- Born: April 17, 1683 Teuchern, Holy Roman Empire
- Died: July 16, 1729 (aged 46)
- Known for: Circle of fifths
- Children: 1

= Johann David Heinichen =

German composer and music theorist

Johann David Heinichen (17 April 1683 – 16 July 1729) was a German Baroque composer and music theorist who brought the musical genius of Venice to the court of Augustus II the Strong in Dresden. After he died, Heinichen's music attracted little attention for many years. As a music theorist, he is credited as one of the inventors of the circle of fifths.

==Biography==
Johann David Heinichen was born in 1683 in the small village of Krössuln (currently part of the town of Teuchern, in Saxony-Anhalt) near Weissenfels. His father, Michael Heinichen, had studied music at the celebrated Thomasschule Leipzig associated with the Thomaskirche, served as cantor in Pegau and was pastor of the village church in Krössuln. Johann David also attended the Thomasschule Leipzig. There he studied music with Johann Schelle and later received organ and harpsichord lessons with Johann Kuhnau. The future composer Christoph Graupner was also a student of Kuhnau at the time.

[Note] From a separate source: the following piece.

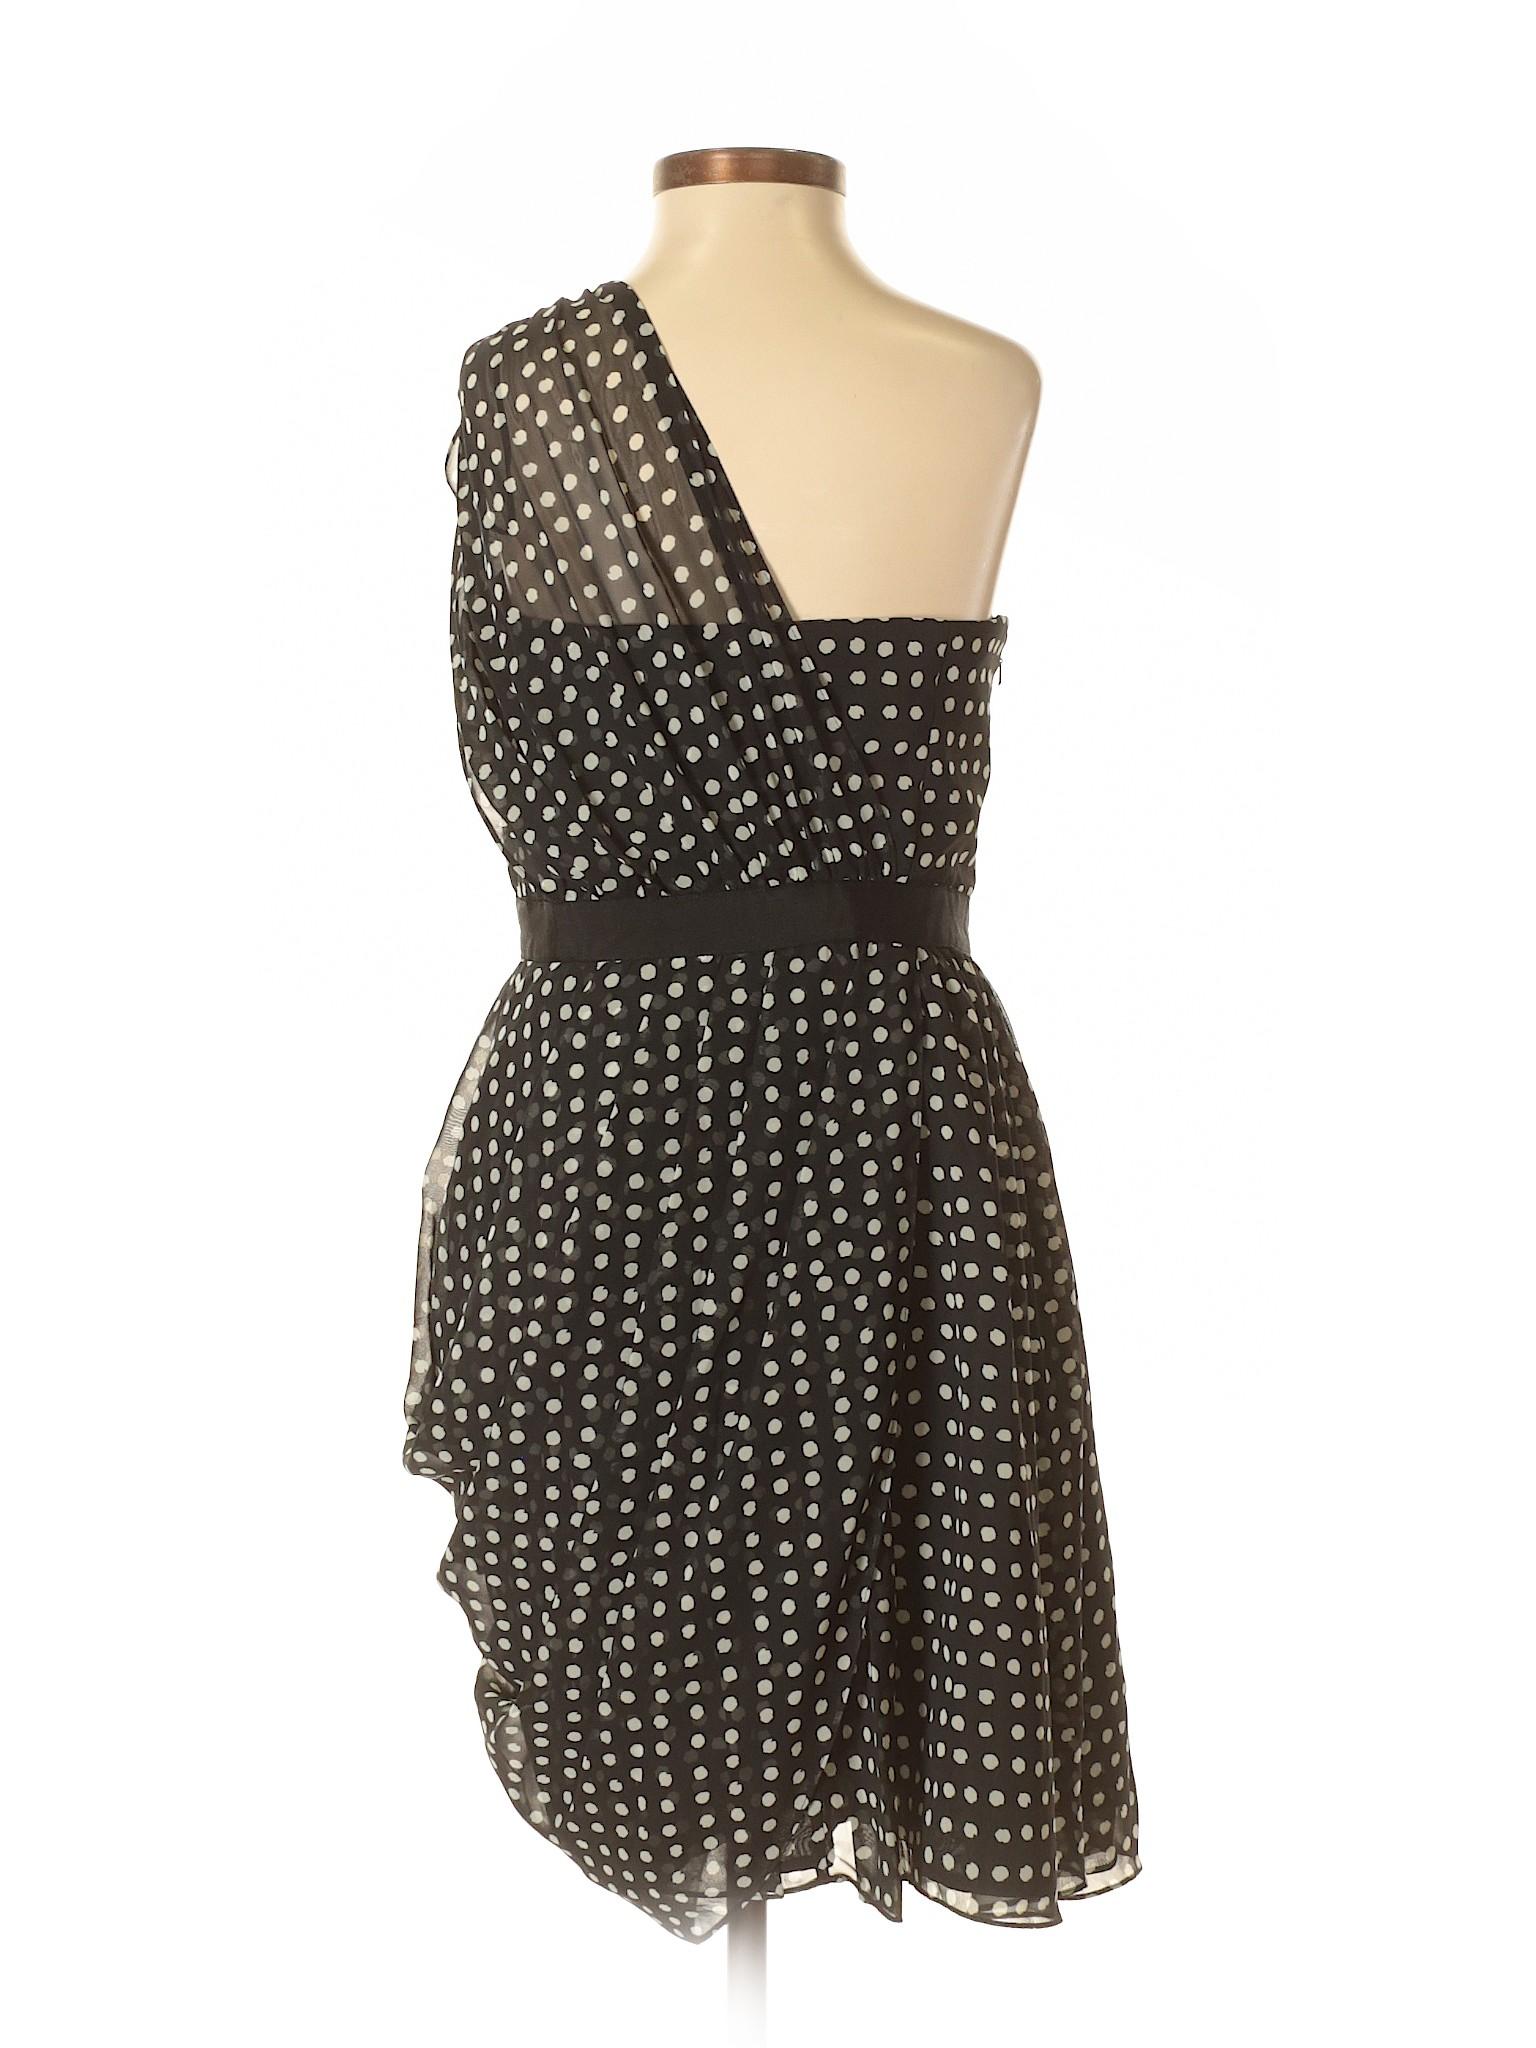 Dress Jessica Simpson winter Boutique Casual wPqnIxza8

Heinichen enrolled in 1702 to study law at the University of Leipzig and in 1705–1706 qualified as a lawyer (in the early 18th century law was a favored field of study for composers; Kuhnau, Graupner and Georg Philipp Telemann were also lawyers). Heinichen practiced law in Weissenfels until 1709.

However, Heinichen maintained his interest in music and was concurrently composing operas. In 1710, he published the first edition of his major treatise on the thoroughbass. He went to Italy and spent seven formative years there, mostly in Venice, achieving great success with two operas, Mario and Le passioni per troppo amore (1713). Mario was staged again in Hamburg in 1716 with the German title, Calpurnia, oder die romische Grossmut.

In 1712, he taught music to Leopold, Prince of Anhalt-Köthen, who took him as composer. The same prince would appoint Johann Sebastian Bach Kapellmeister at the end of 1717. In 1716, Heinichen met in Venice Prince Frederick Augustus, son of King Augustus II the Strong, and thanks to him was appointed the Royal-Polish and Electoral-Saxon Kapellmeister in Dresden. His pupils included Johann Georg Pisendel. In 1721, Heinichen married in Weissenfels; the birth of his only child is recorded as January 1723. In his final years, Heinichen's health suffered greatly; on the afternoon of 16 July 1729, he was buried in the Johannes cemetery after succumbing to tuberculosis.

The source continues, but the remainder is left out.